The  Islamic Center of Irving (ICI) is a mosque and Islamic community center established and registered as a non-profit 501(c) organization in 1991 in Irving, Texas, USA.

Purpose
Irving is located in the heart of the Dallas-Fort Worth Metroplex. It is estimated that there are 100,000 Muslims in DFW Metroplex. The center's goal is to serve the Muslim population by providing a Mosque, which is a place to pray, and Islamic School of Irving. It also provides Islamic activities to strengthen the Islamic community ties socially and religiously.

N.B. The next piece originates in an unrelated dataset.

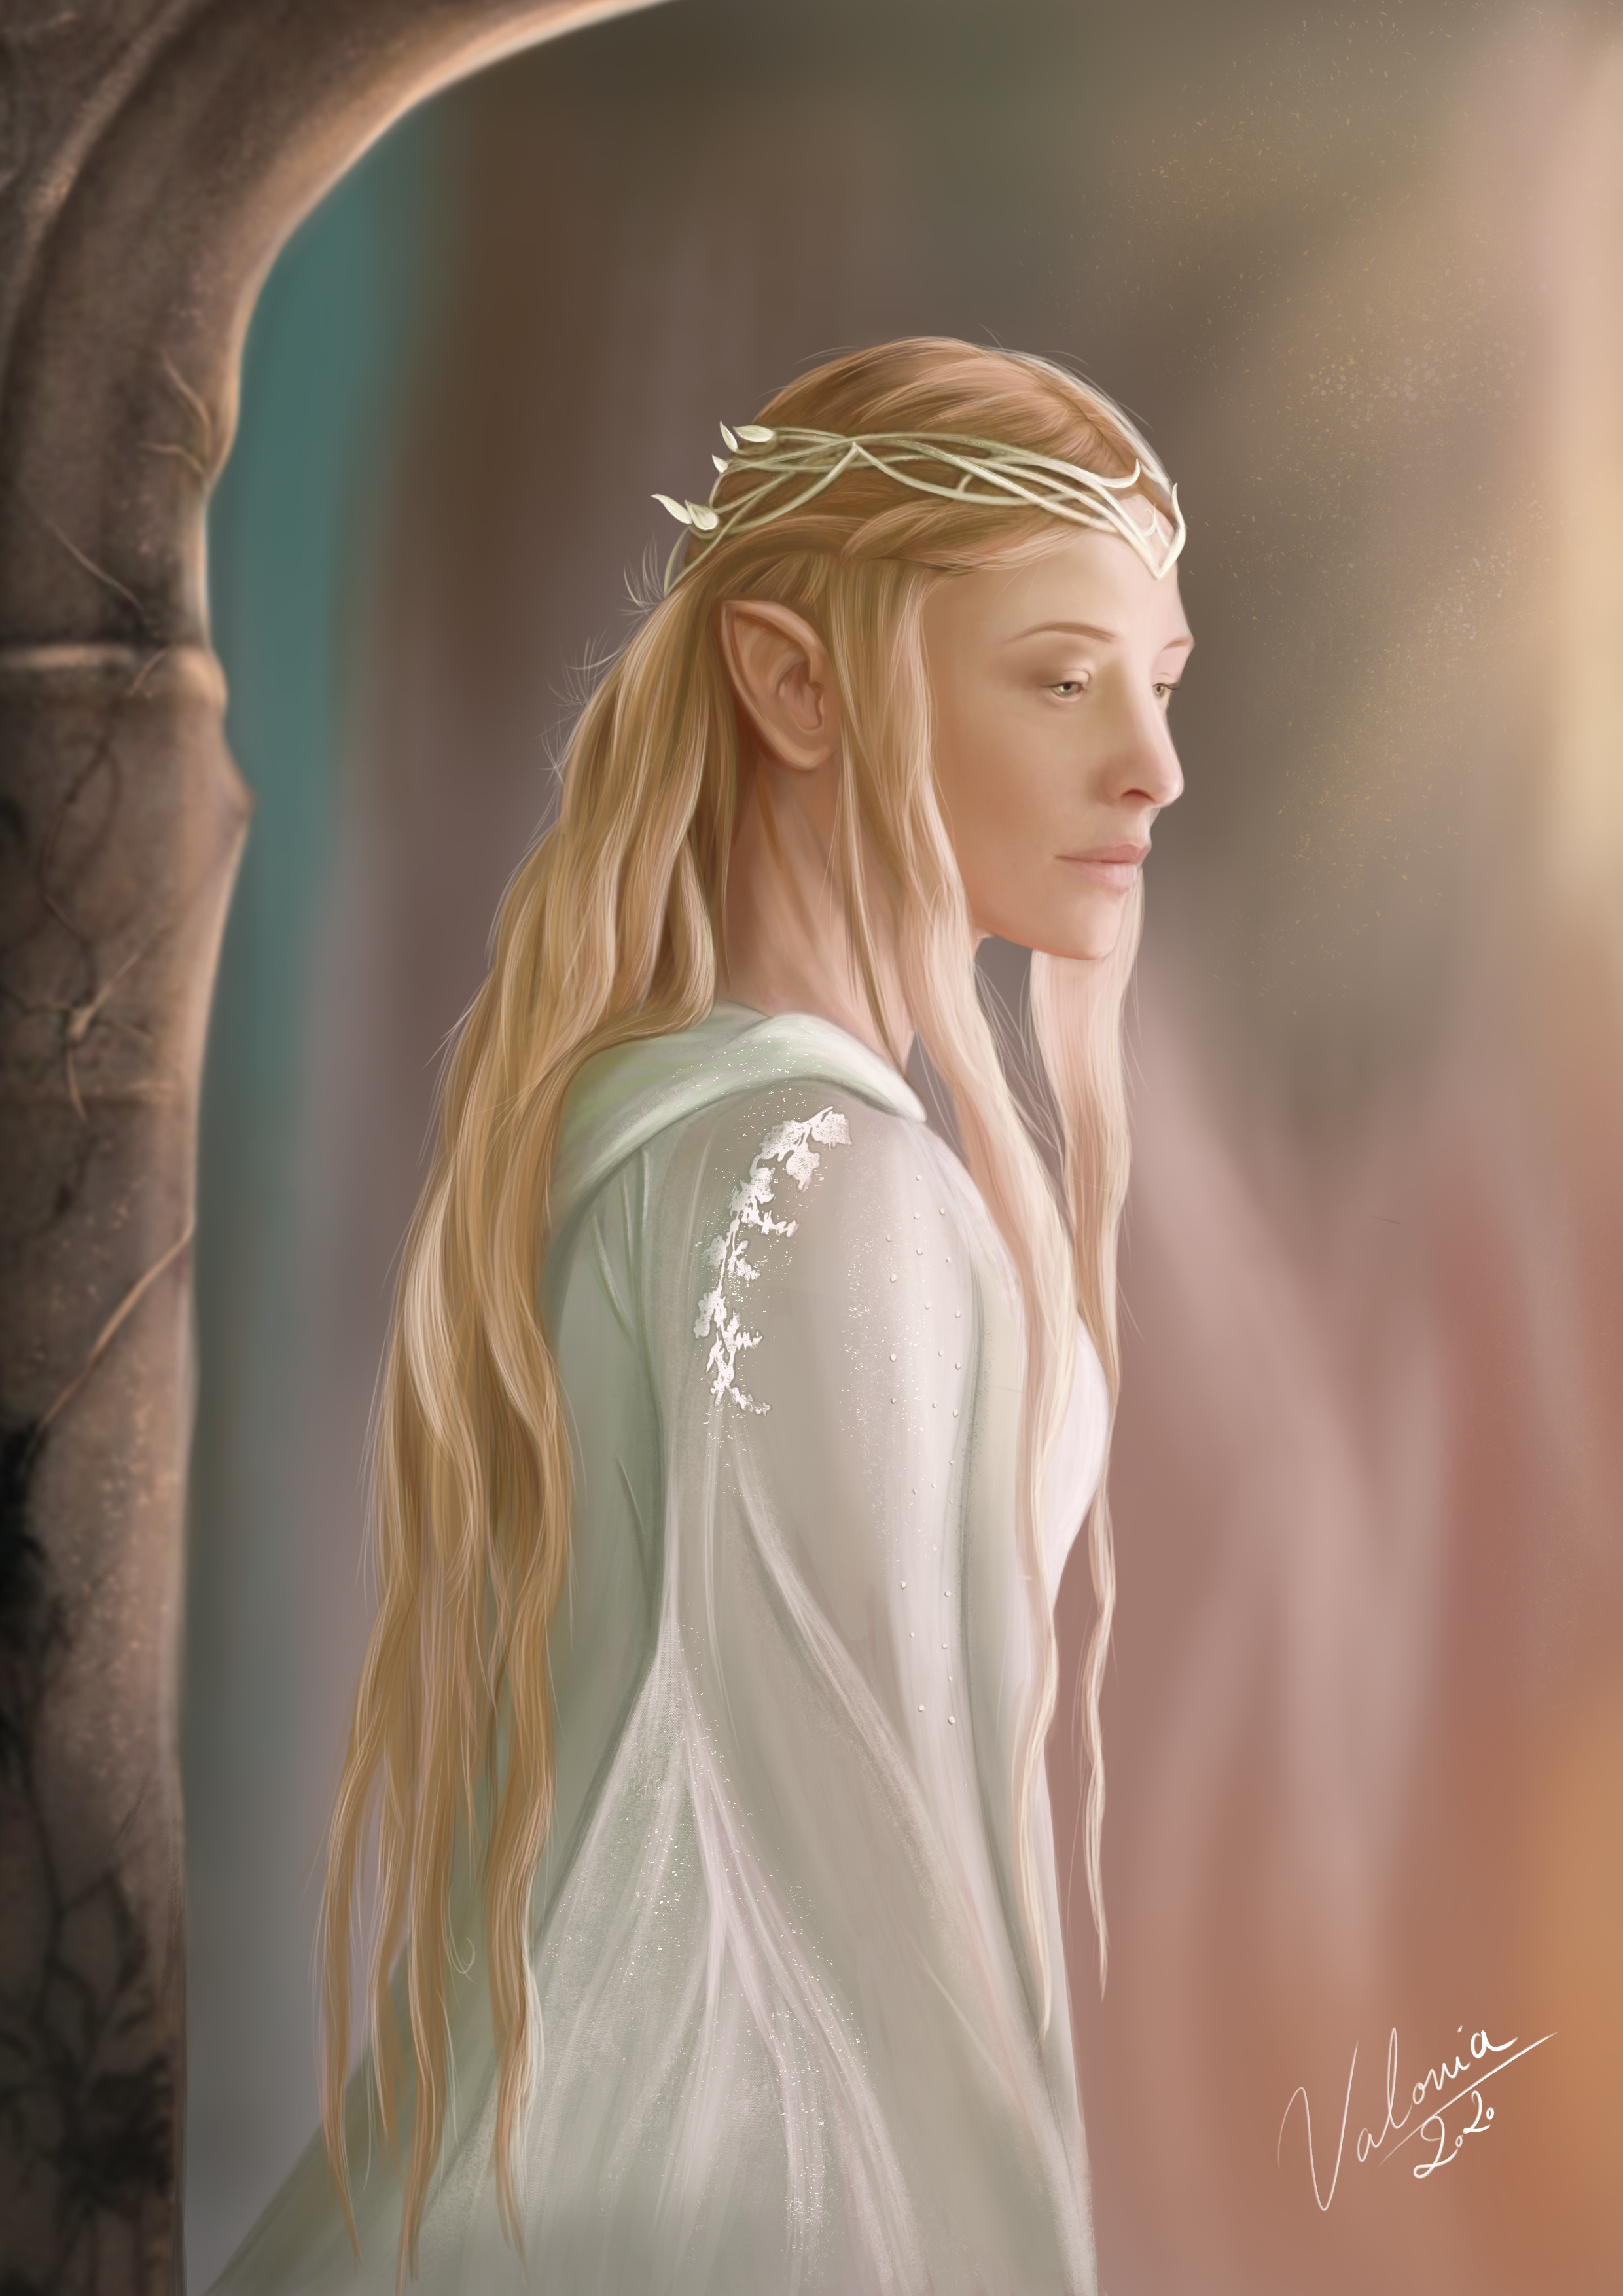 Margaux Valonia Artwork The Lord Of The Rings Fan Art Portrait Display Galadriel Digital Painting Bl 2480x3508
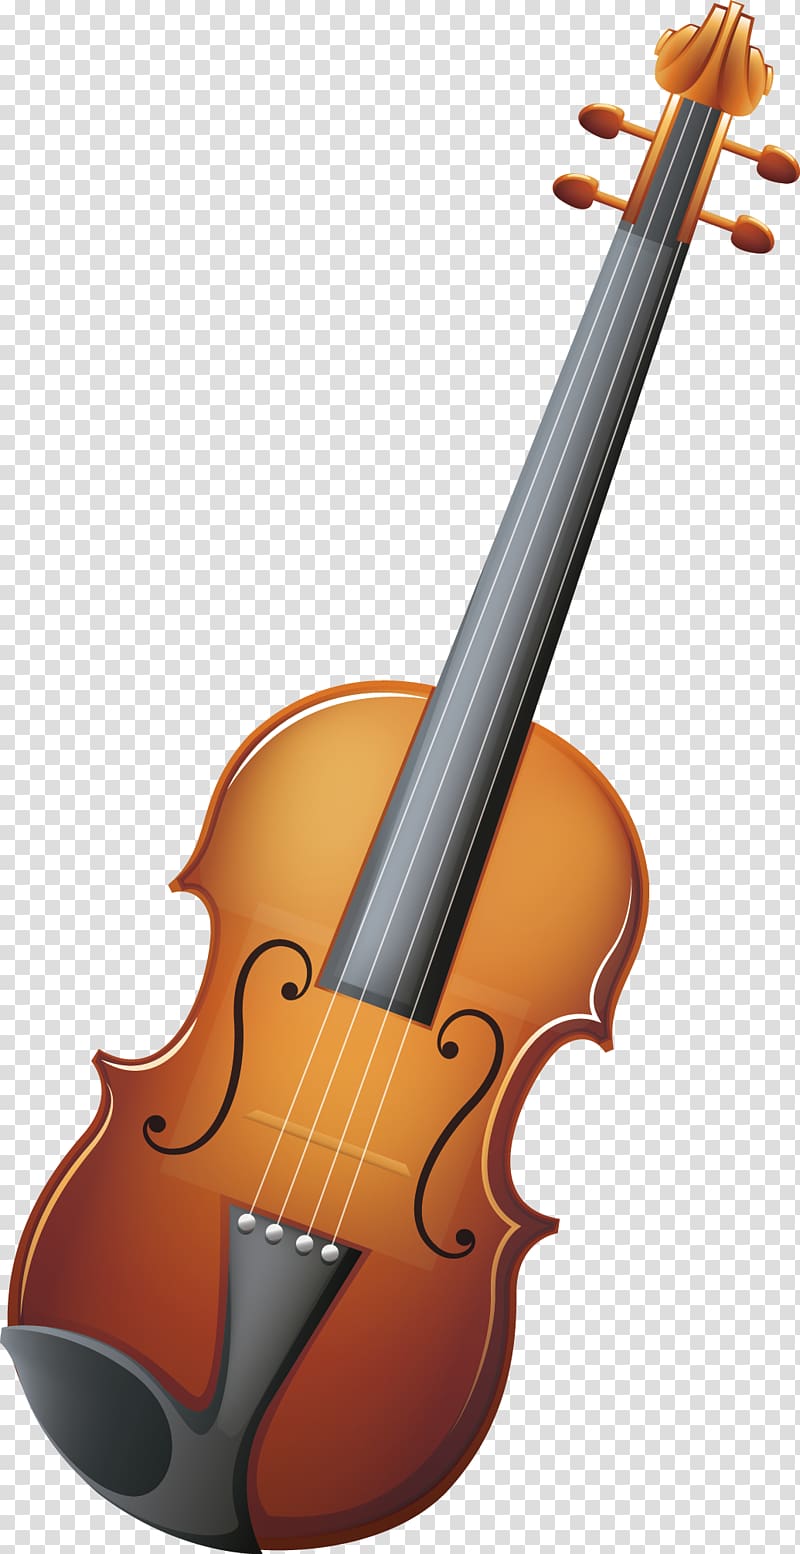 Bass violin Violone Double bass Viola, violin transparent background PNG clipart

Its mission statement is to provide a central Islamic Center for all people in the Irving and DFW Area, utilizing all avenues for Dawah, while providing an Islamic Environment and Comprehensive Islamic Education to the next generation.

History

The idea of establishing an Islamic center originated in the early 1980s when a group of Muslims started praying the five daily and the Jumu'ah (Friday) prayers together in one of their own houses. Soon they had to move to a bigger place, from one apartment to another until they were able to rent an apartment and use it as a Mosque where they performed all their prayers. The number of people praying continued to increase which required them to find a bigger place. In 1990, the group rented a house  that could accommodate about 75 people to use as the Mosque.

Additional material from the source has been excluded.